Correlation between white cell count in the CSF and soluble biomarkers. Cytokines shown were quantified by enzyme-linked immunosorbent assay (IL-23) or luminex (all other) and analysed using log-log regressions.
A distinct biomarker signature in cerebrospinal fluid identifies bacterial infection
Importantly, this two-stage process resulted in a subset of four markers showing differences between bacterially infected and non-specifically inflamed patients (Figs 2 and 3). Comparison of the inflamed and infected patients showed that CSF levels of IL-17, IL-12p40 and IL-12p70 successfully differentiated the two groups, with CCL3 showing lesser difference (Table 2). Interestingly, CCL20, CCL8 and granulocyte-colony stimulating factor, which were amongst the most differentiating biomarkers between controls and infected patients (Fig. 2B), were not statistically different between infected and inflamed patients, as shown by their relatively high P-values and correspondingly low −log10 P-values (Fig. 2D).

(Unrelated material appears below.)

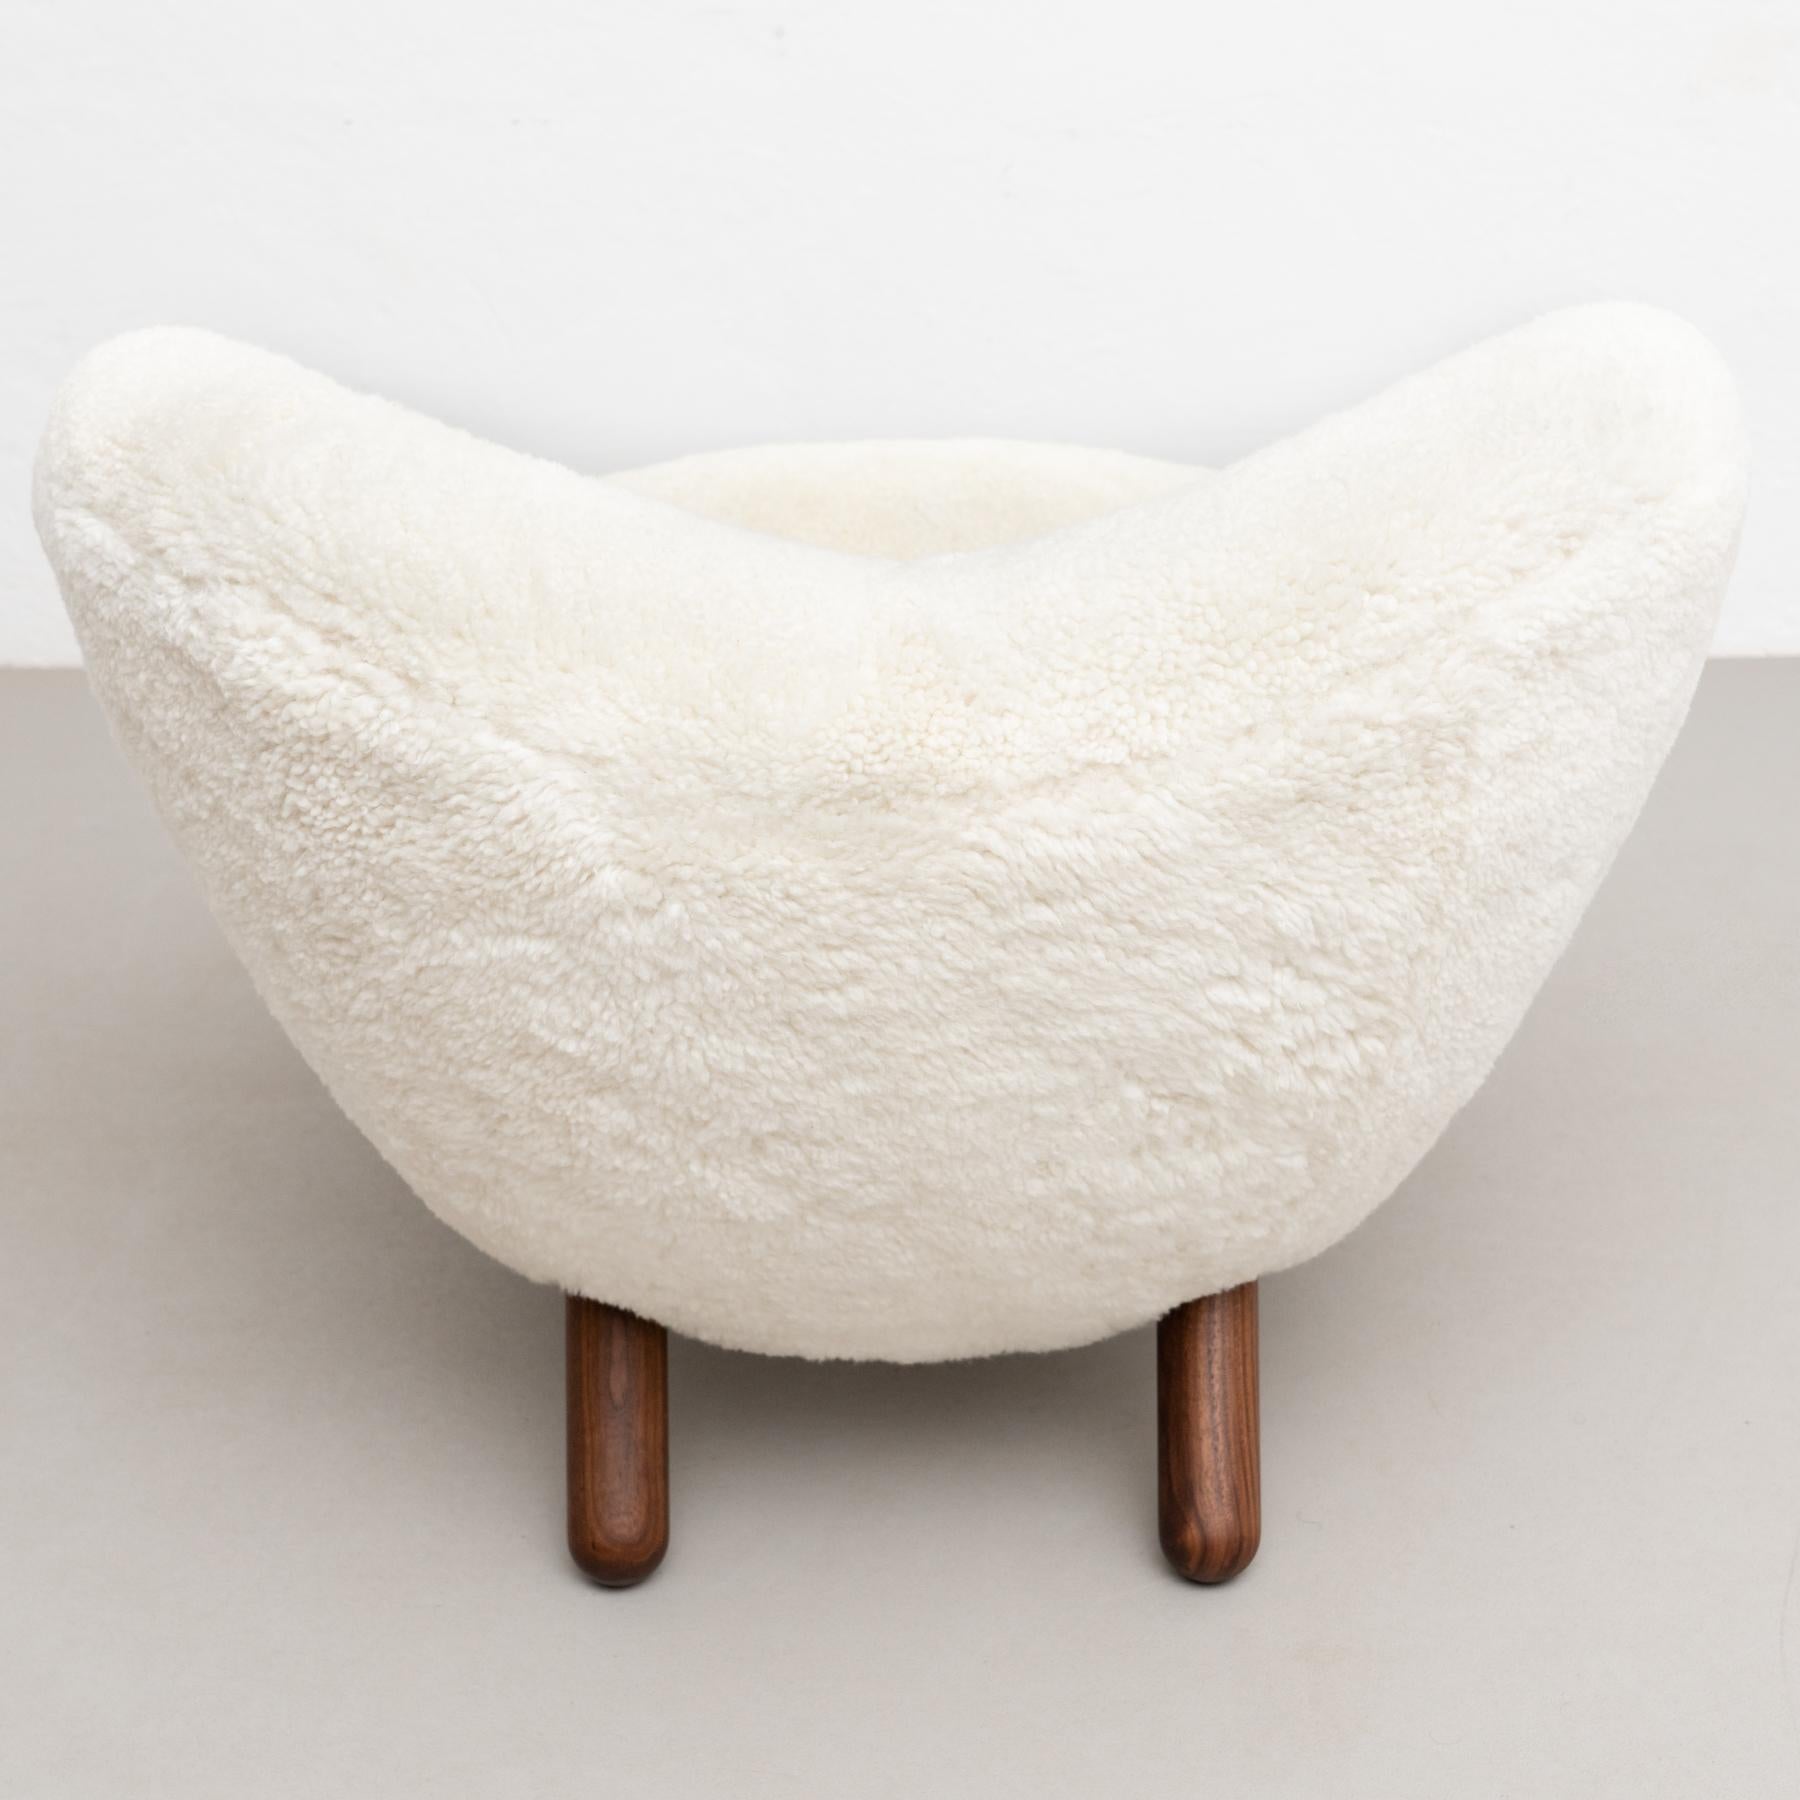 Bois Finn Juhl Pelican Chair Upholstered in Offwhite Sheepskin (Chaise Pélican recouverte de peau de mouton blanc cassé) en vente

In contrast to IL-6 and related cytokines, IL-12p40 and IL-17 levels were not associated with infiltrating cell numbers, supporting a different aetiology for their production independently of the number of immune cells entering the site of inflammation (Fig. 4). Given that the IL-12p40 subunit is common to the dimeric cytokines IL-12p70 and IL-23, and the importance of the IL-17/IL-23 axis in neuroimmunology, we also quantitated IL-23 in patient samples. Similar to IL-12p40 and IL-17, IL-23 levels were not correlated with the number of immune cells in the CSF (Fig. 4).
Of note, measurement of serial samples in two control patients, one patient during and after chemical meningitis, and two patients during and after bacterial infection showed that none of these biomarkers changed with time, reinforcing the hypothesis that these markers were specific to infection and inflammation and not simply artefacts of variability between patients (Supplementary Fig. 1).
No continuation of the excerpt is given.